College brought the California rider East, where she topped the demanding equitation final in New Jersey.
Californian Sophie Benjamin made her first appearance a winning one at the USEF Platinum Performance Talent Search Finals-East, taking the title on Oct. 4-5 in Gladstone, N.J.
Benjamin, of Rancho Santa Fe, Calif., was sixth in the 2007 West Coast version of the finals, but since she’s in her freshman year at Princeton University (N.J.), she decided to participate on the East Coast this year.

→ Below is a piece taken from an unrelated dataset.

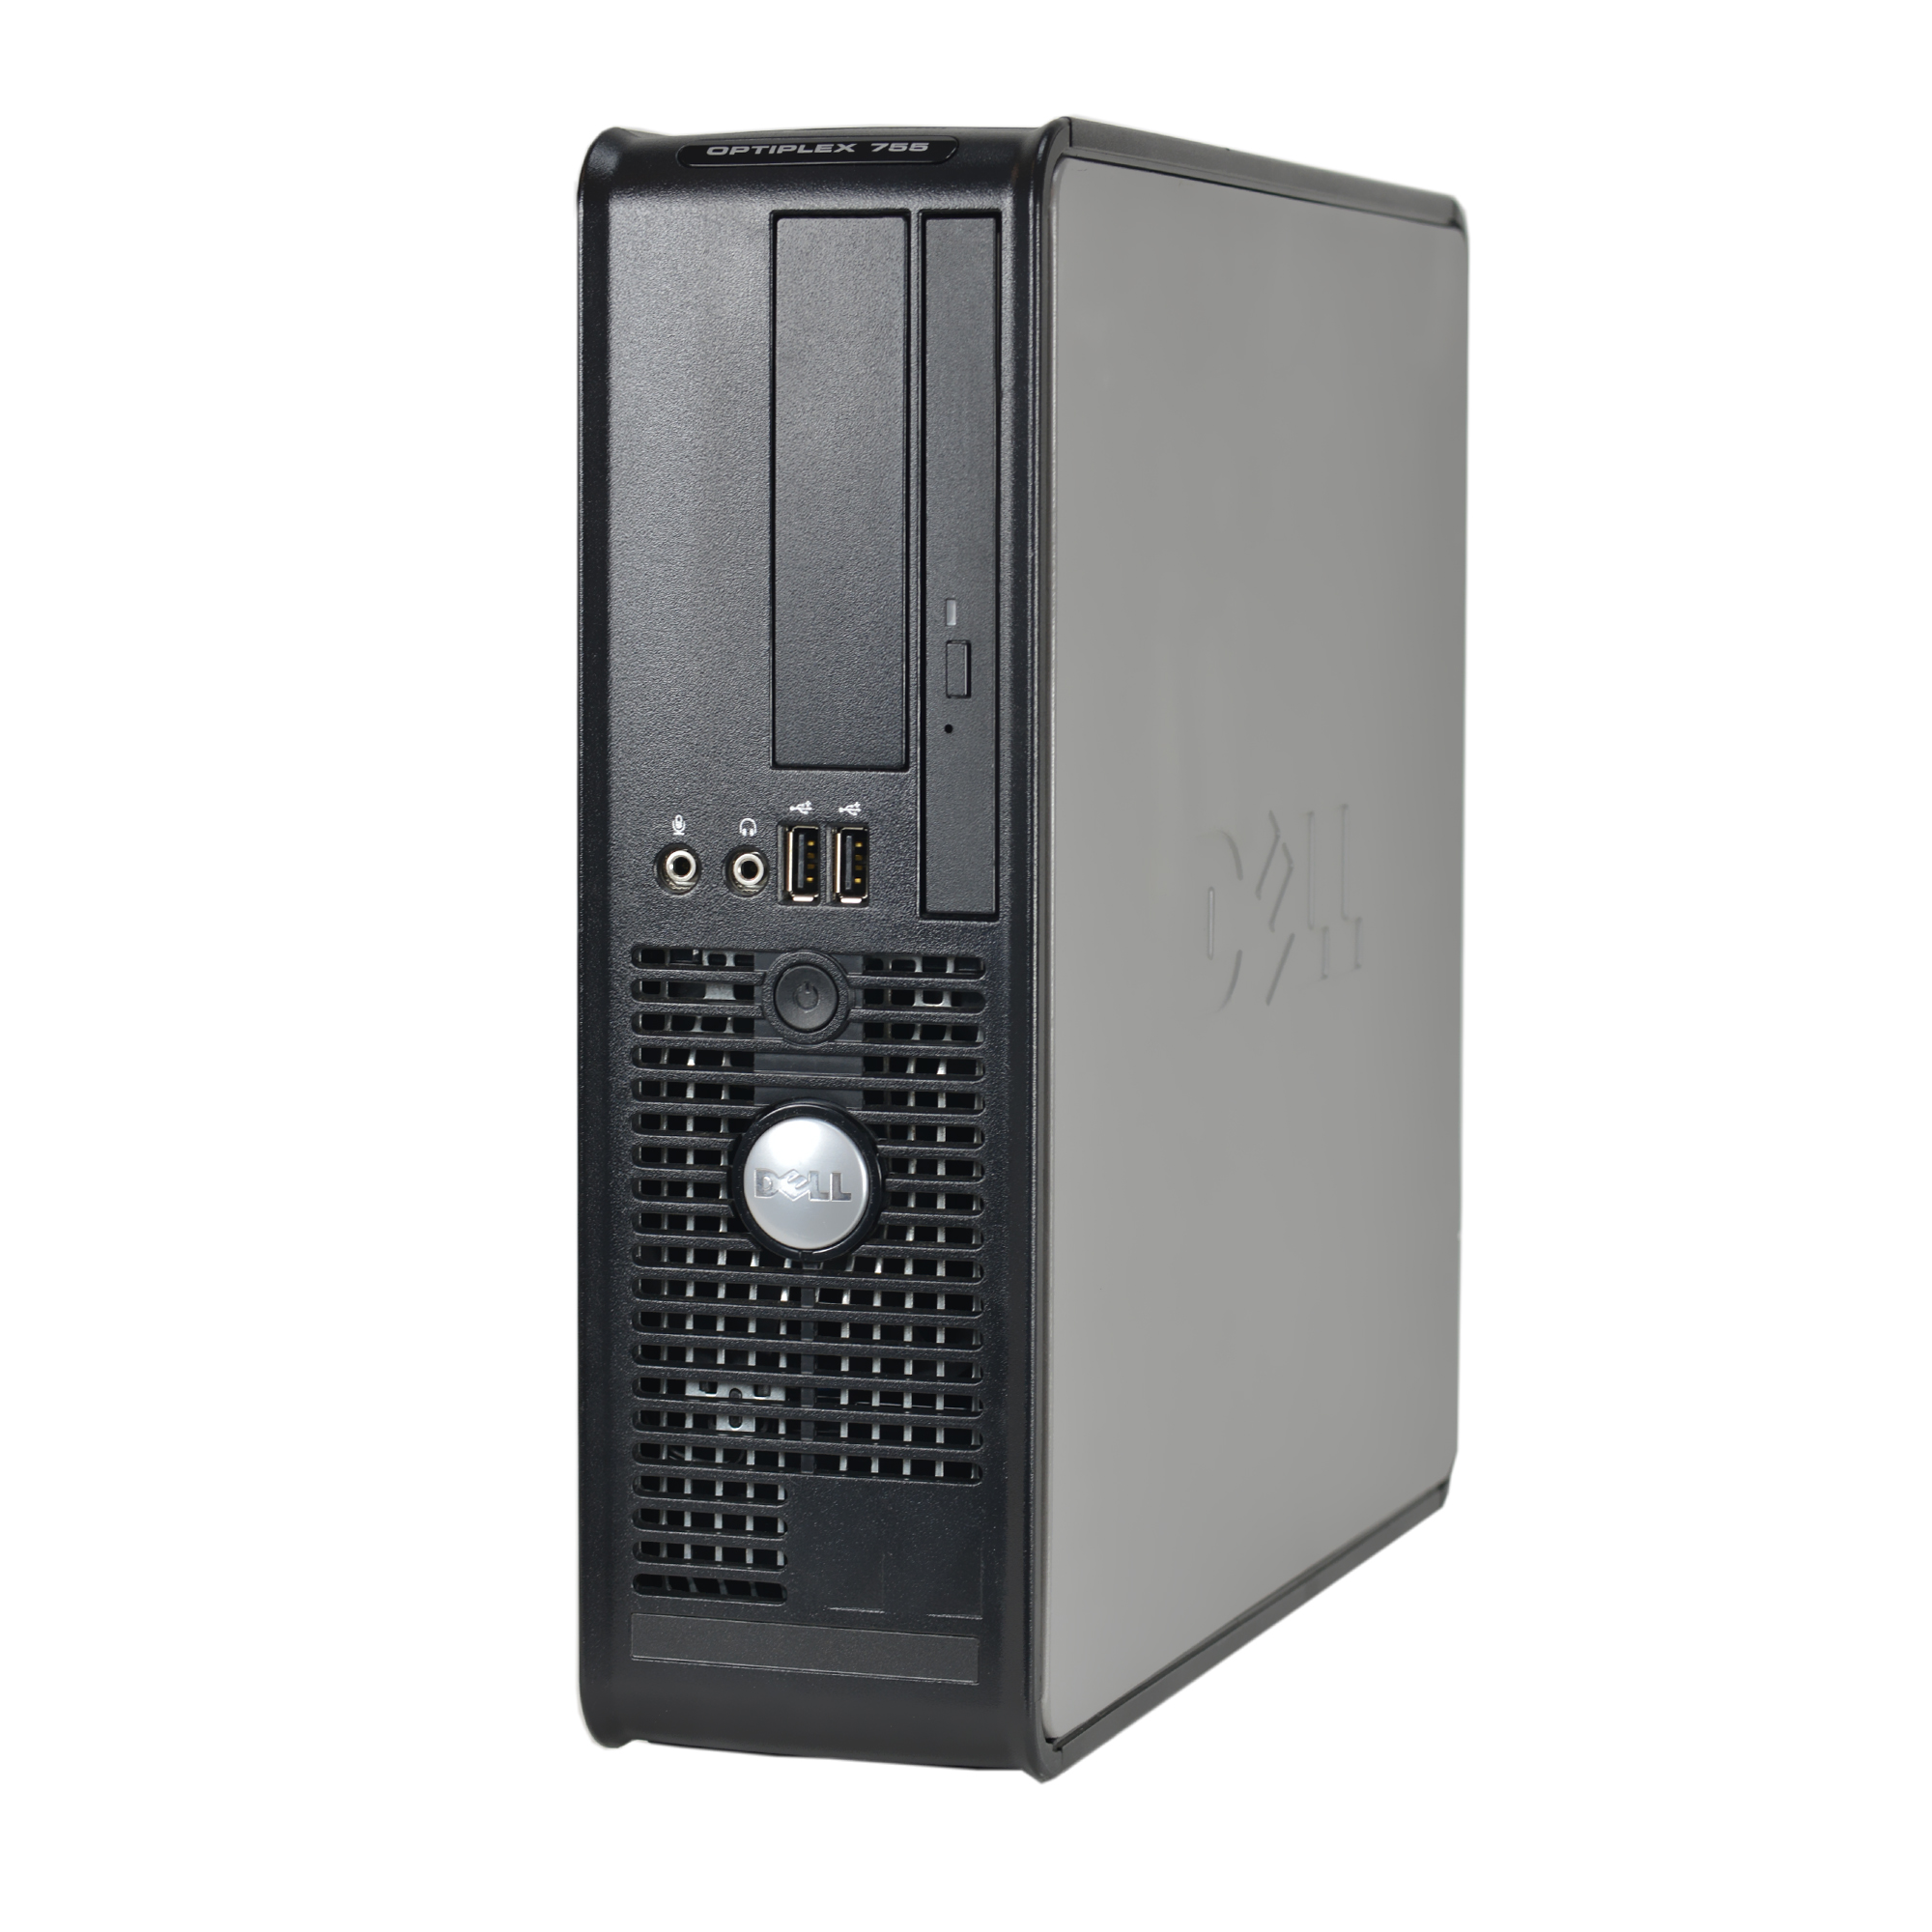 Restored Dell 755 Small Form Factor Desktop PC with Intel Core 2 Duo Processor, 2GB Memory, 320GB Hard Drive and Windows 10 Pro (Monitor Not Included) (Refurbished) - image 1 of 3

This year’s West Coast section was won by Hannah Selleck, Benjamin’s teammate on the gold-medal team at the North American Junior and Young Riders Championships (Colo.).

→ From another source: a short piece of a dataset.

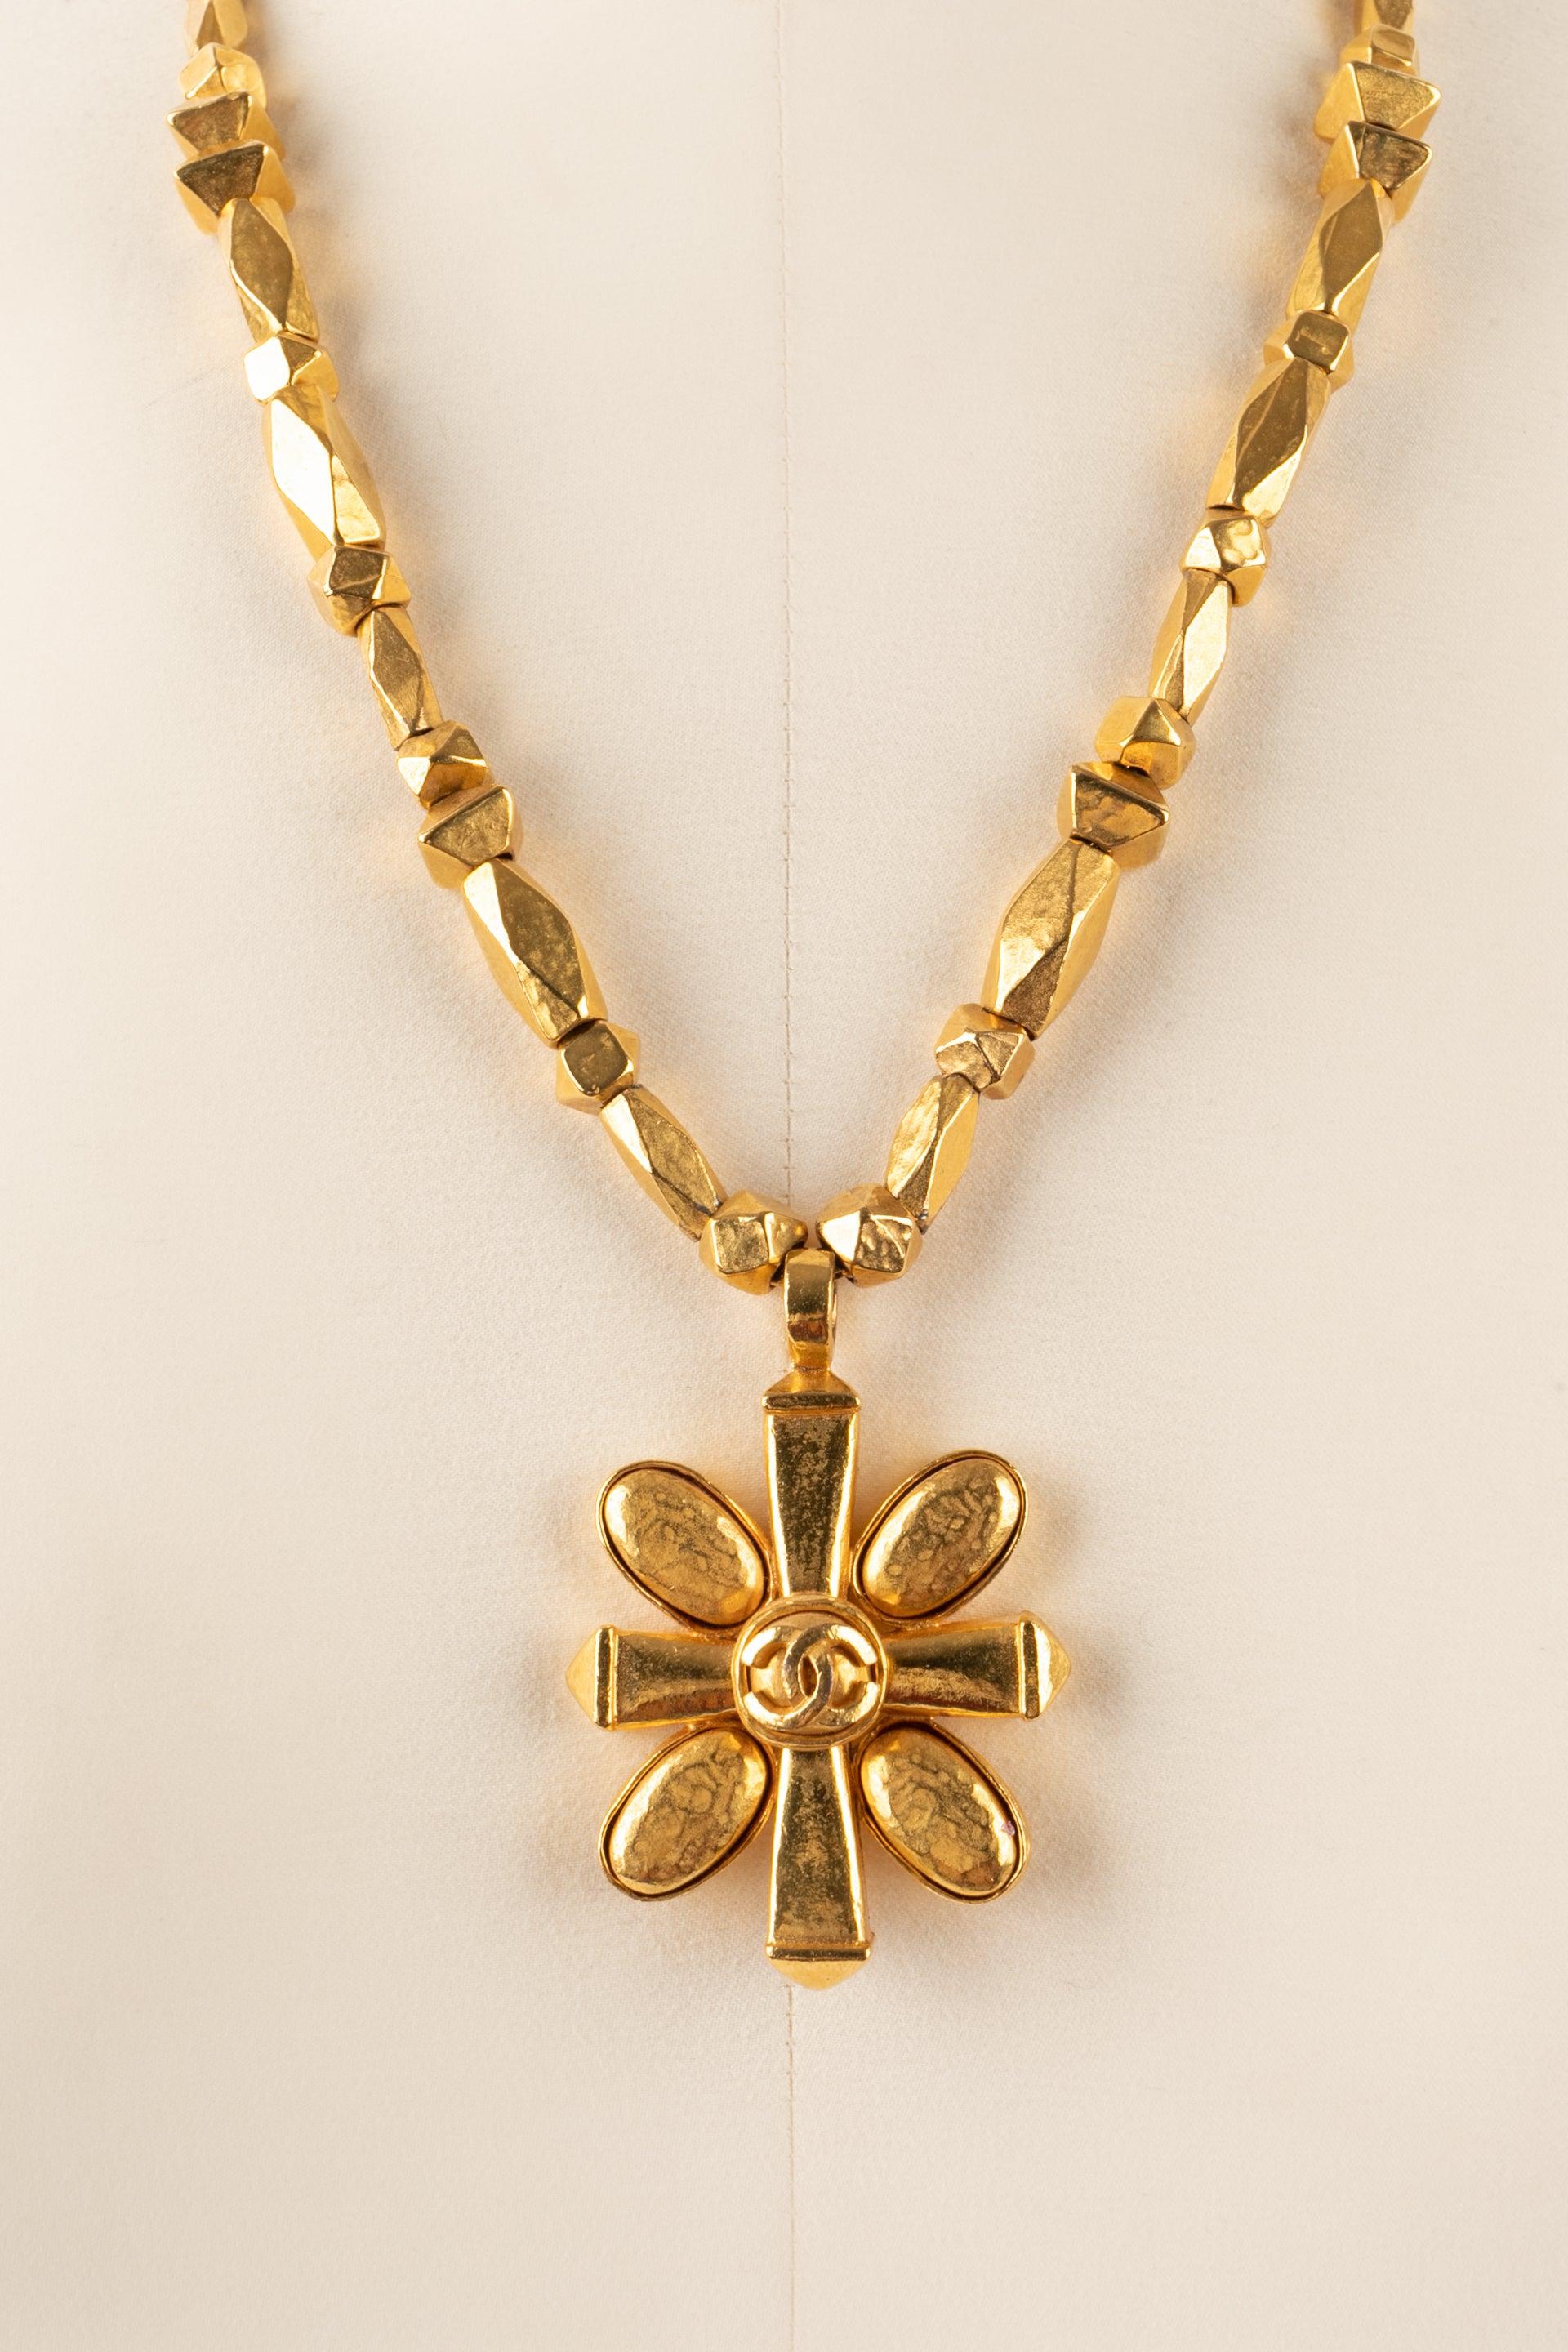 Women's Chanel Golden Metal Necklace with Cross Pendant, Fall 1997 For Sale

Although her respect for Selleck’s prowess led Benjamin, 18, to say modestly that she didn’t think she could have beaten her if she’d ridden in the Talent Search Finals-West, the East Coast victor faced quite a formidable challenge from a field of 94, one of the biggest entries ever for the rigorous class.
Run over the course of two days in four separate phases, the Talent Search requires the ability to catch-ride, negotiate complicated gymnastics, stay within a time allowed and jump fences that can run 3" higher than the standard 3'6" obstacles of the other autumn finals. Performances in the flat, gymnastics and jumping phases establish the top four riders, who then switch horses and ride again.
Benjamin has had a lot of experience catch-riding. Rather than spending money on horses for her, the winner’s parents decided to build a barn at their house, which their daughter ran.
“They thought it was important for me to learn management and the work ethic,” said Benjamin, who wants to be a professional. “I think that not owning a horse and riding different horses helped me in the final four a lot, because I didn’t get nervous.”
Benjamin, who is based with Beacon Hill in New Jersey, trains in California with Susan Artes and also worked with Karen Healey. Healey found Sir Neel, a Dutch-bred by Darco out of a Guidam mare and thus related to two of the 2004 and 2008 gold medal Olympic mounts, Sapphire and Authentic.
A former jumper, Sir Neel was owned by amateur rider Liz Dickinson “who bent over backwards” to get the horse to Benjamin, she said. Dickinson sold him to Victoria Hobbs, whom the winner regards as practically a second mother.
Benjamin, who leases the horse from Hobbs, said, “as soon as I came out of my jumping round, I said, ‘If this horse
doesn’t win the best horse award, I’ll eat my hat.’ He never lets me down. It’s so nice to go in the ring and know if I mess up, it’s on me.”
Watching her rivals ride him made her proud. “He’s such a professional,” she said.
Sir Neel and Benjamin were “a match made in heaven,” said Healey, who admired her protégé’s efforts. “She’s been a worker her whole life.”
Moving Up
Maria Schaub, 19, won the flat phase, earning a score of 91 points on a horse new to her, the Selle Français stallion Kaiser de la Couer. Schaub works as assistant trainer to her coach, Frank Madden, but the class has no rules against professionals competing.